Source data Block Start
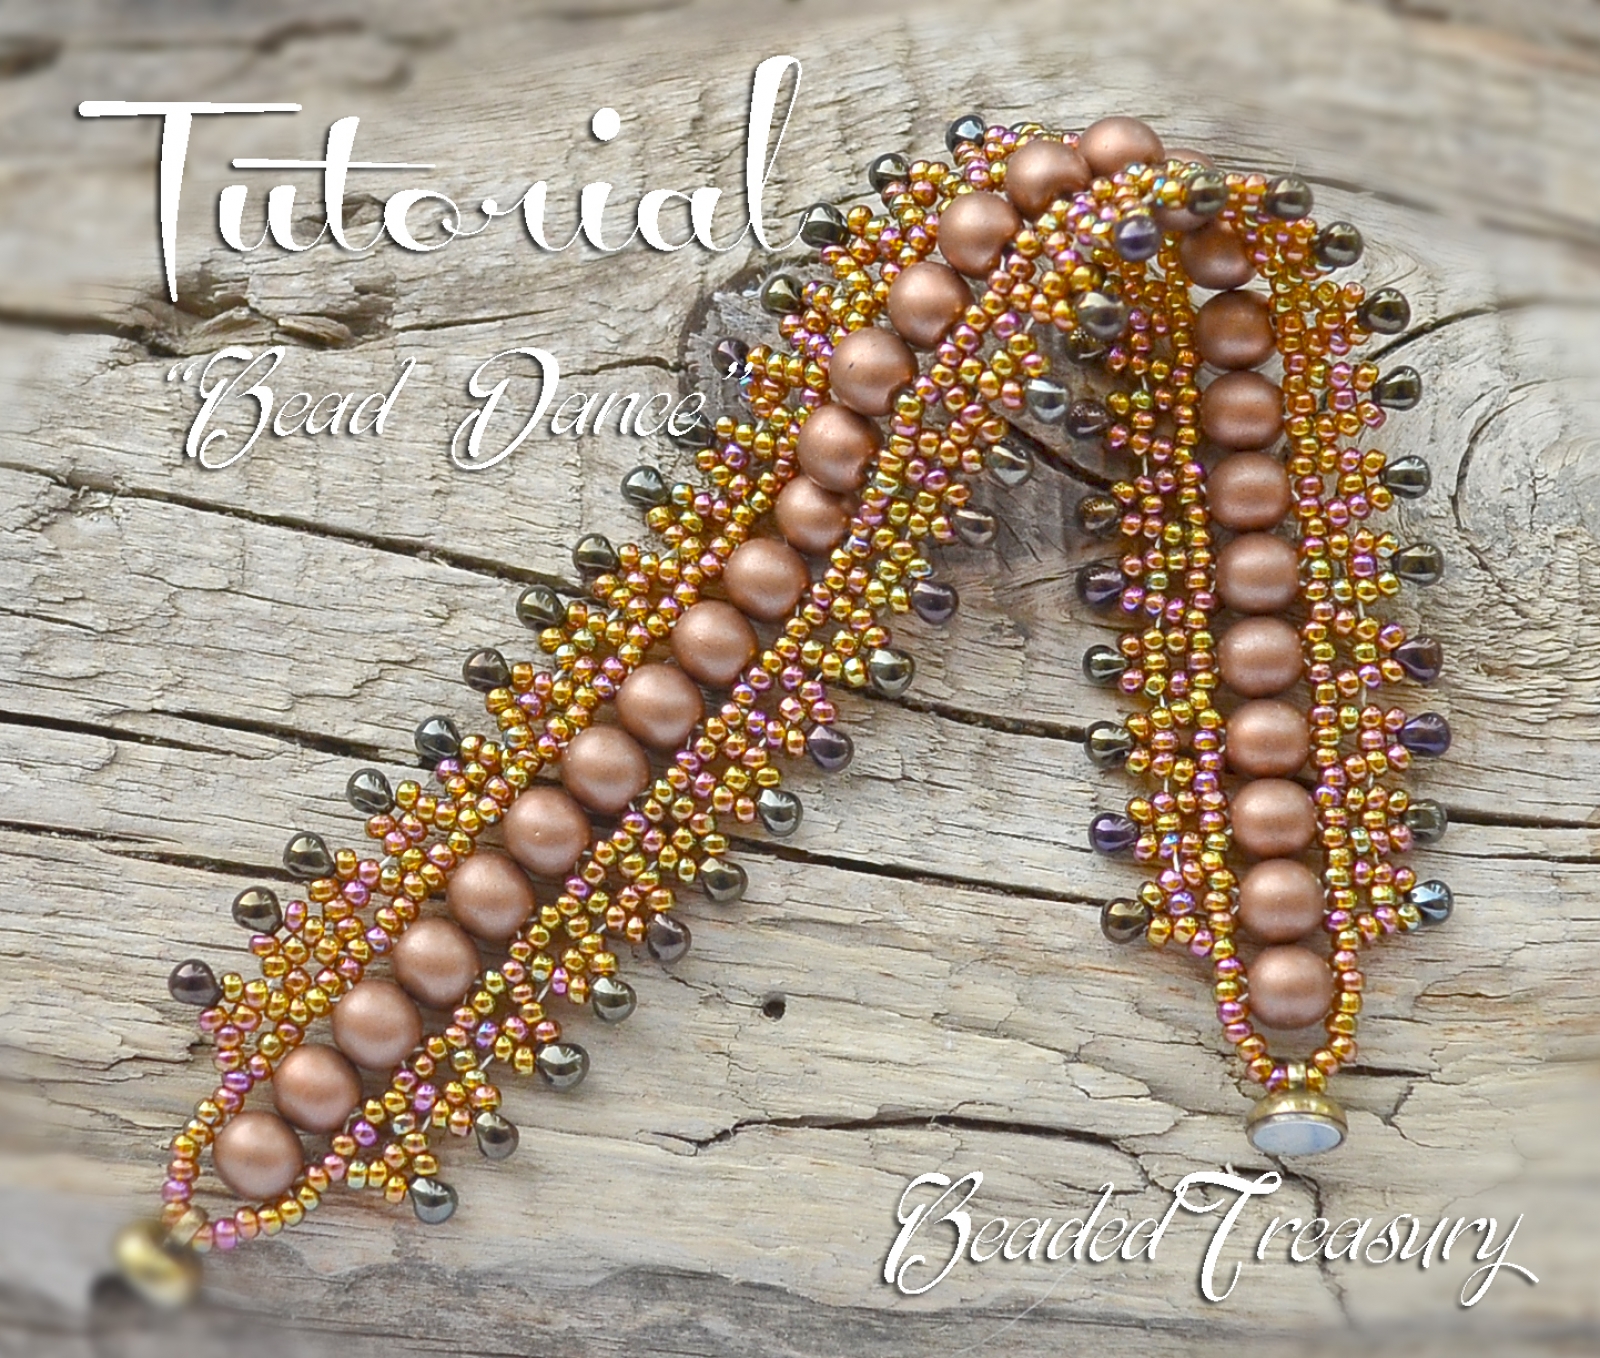 You can make this beading pattern in 10 minutes. Seed beads
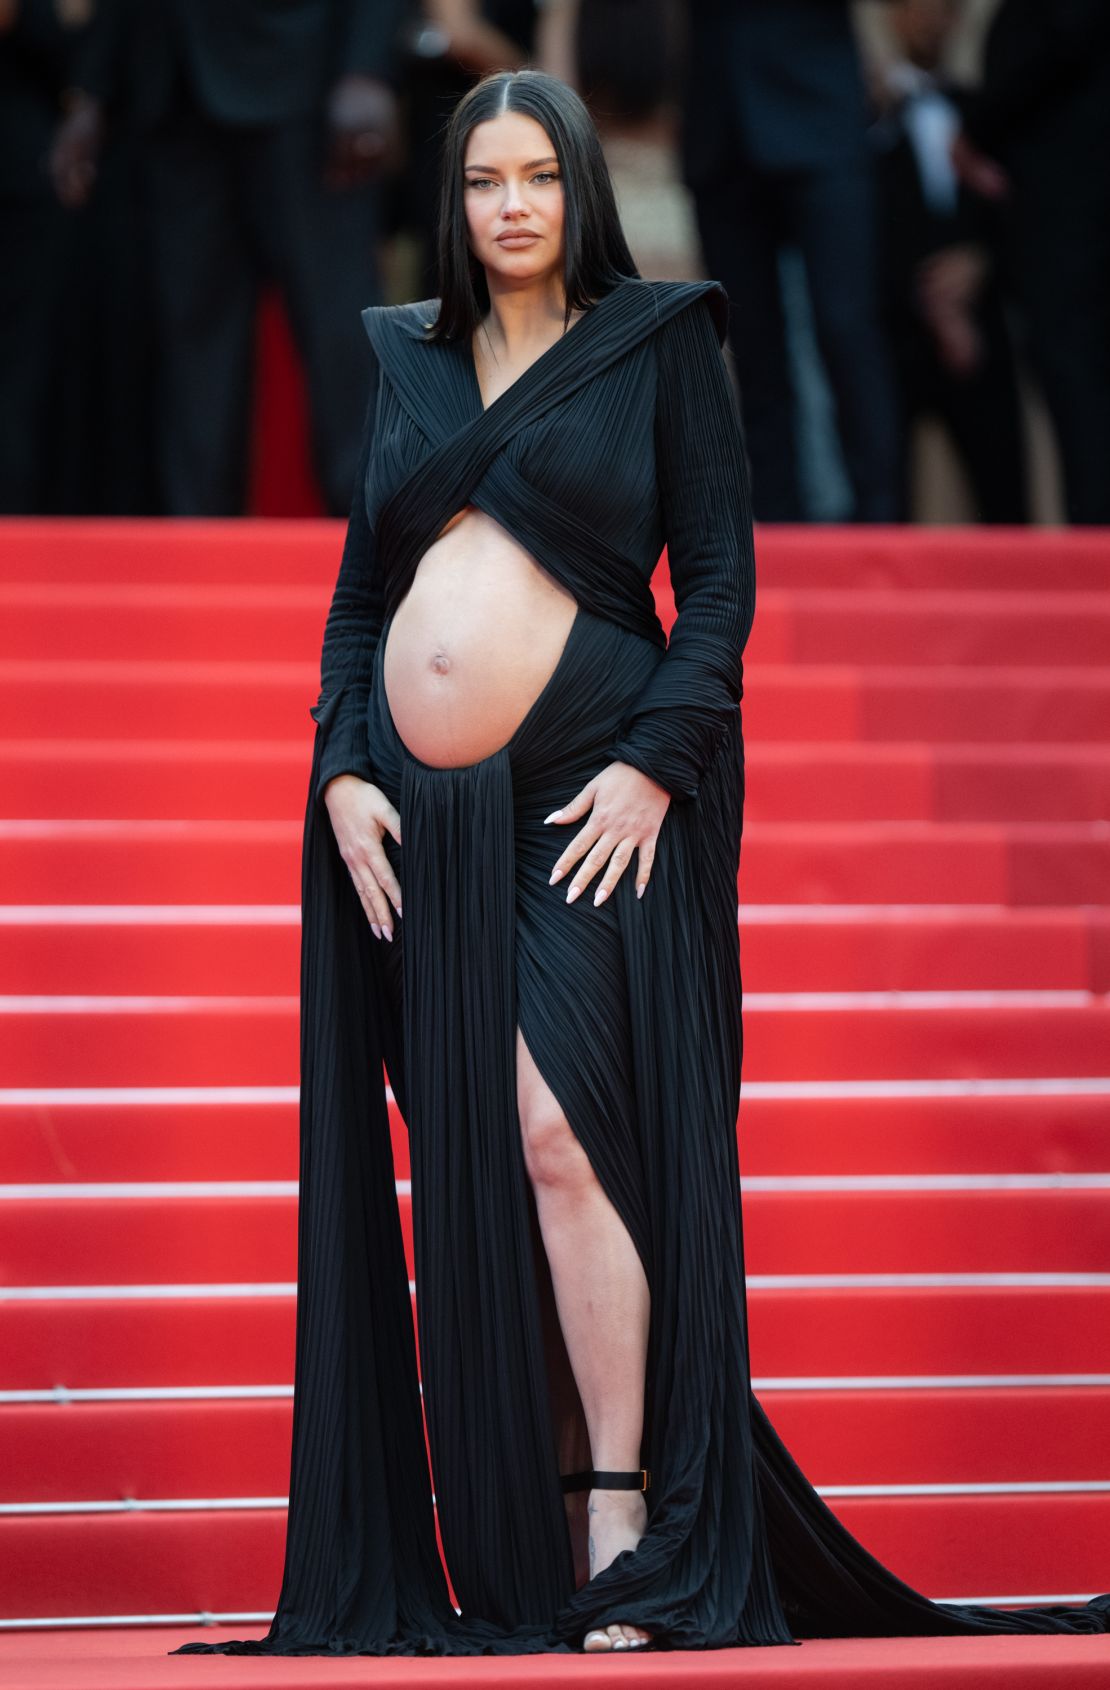 Lima's striking Cannes look challenged the traditional expectations of maternity fashion.
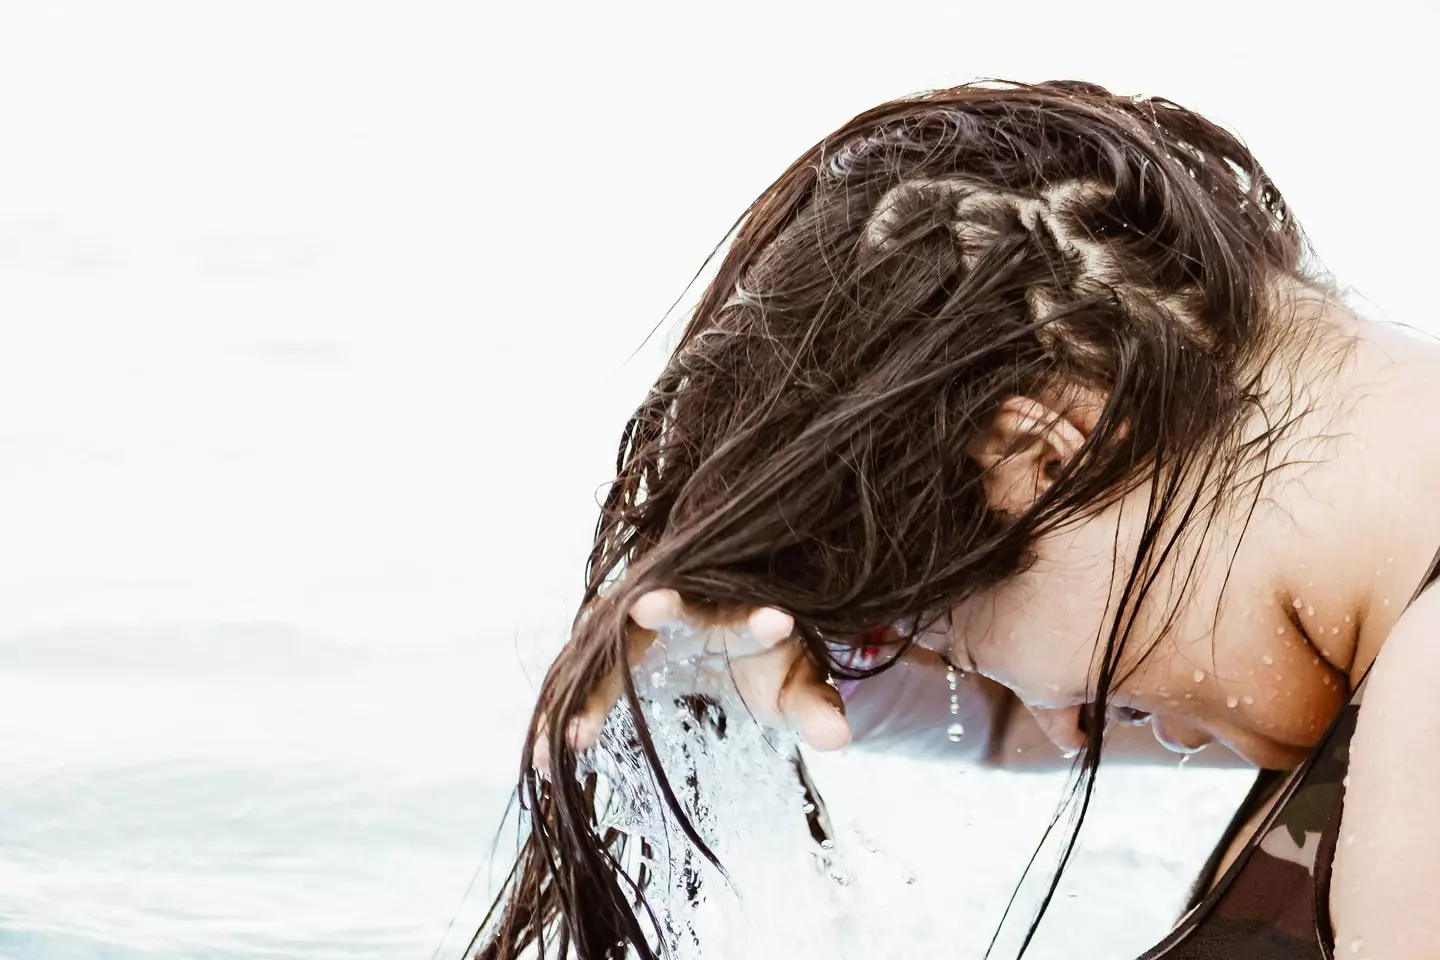 Shampoo can strip your hair of it's natural moisture, according to experts. [
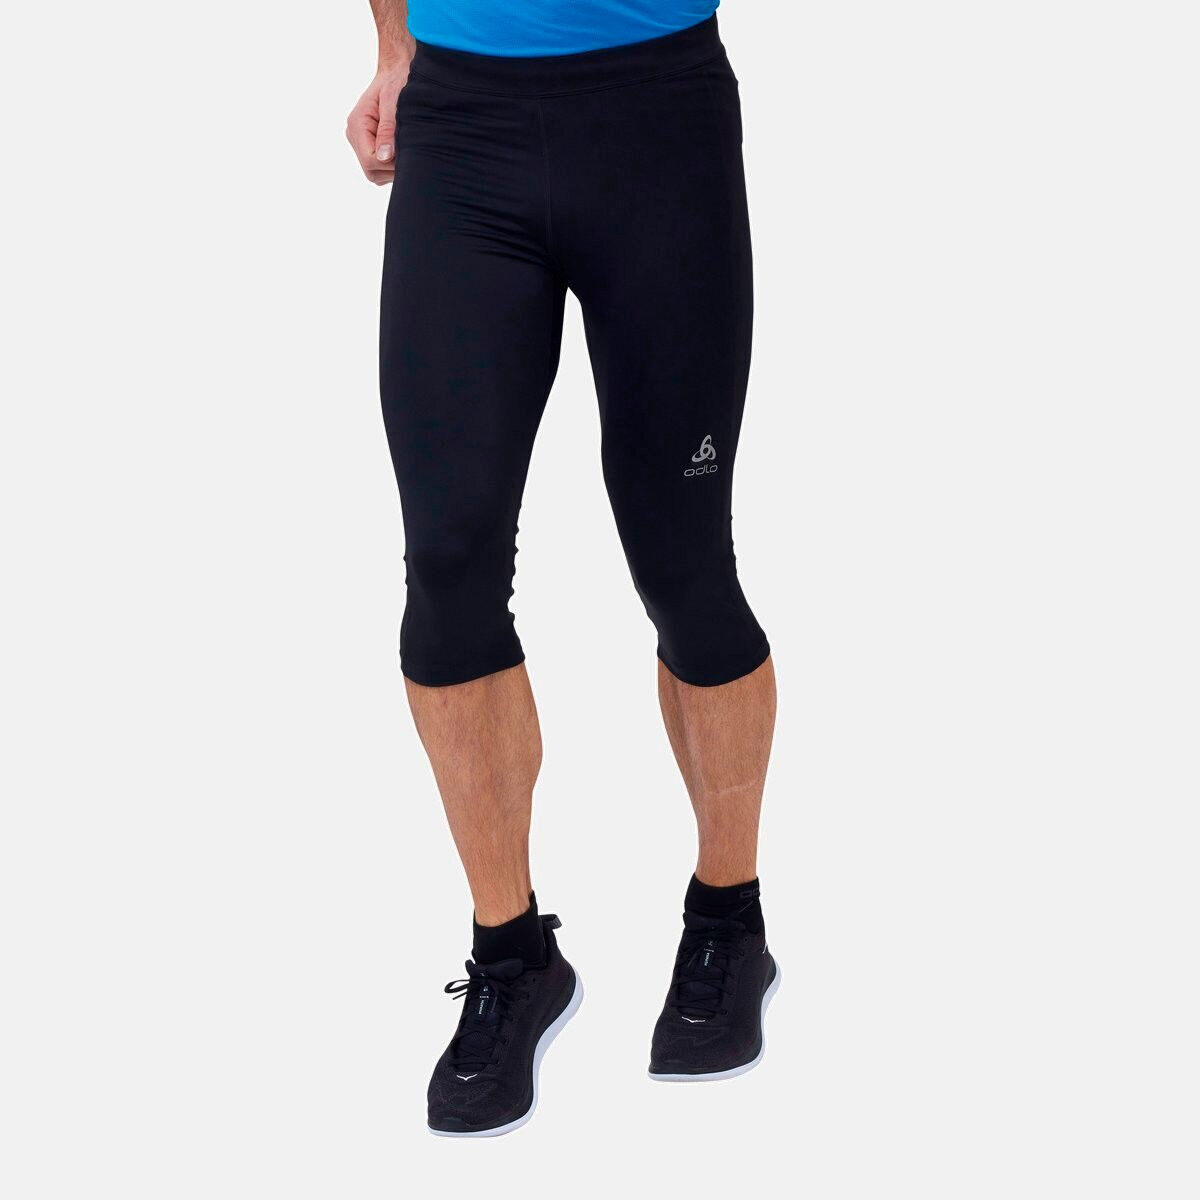 Odlo 3/4 Essential - Collant running homme
Source data Block End
> Task to carry out
An exact copy of the material above is required, minus its images.

> Result of this exercise
 You can make this beading pattern in 10 minutes. Seed beads
 Lima's striking Cannes look challenged the traditional expectations of maternity fashion.
 Shampoo can strip your hair of it's natural moisture, according to experts. [
 Odlo 3/4 Essential - Collant running homme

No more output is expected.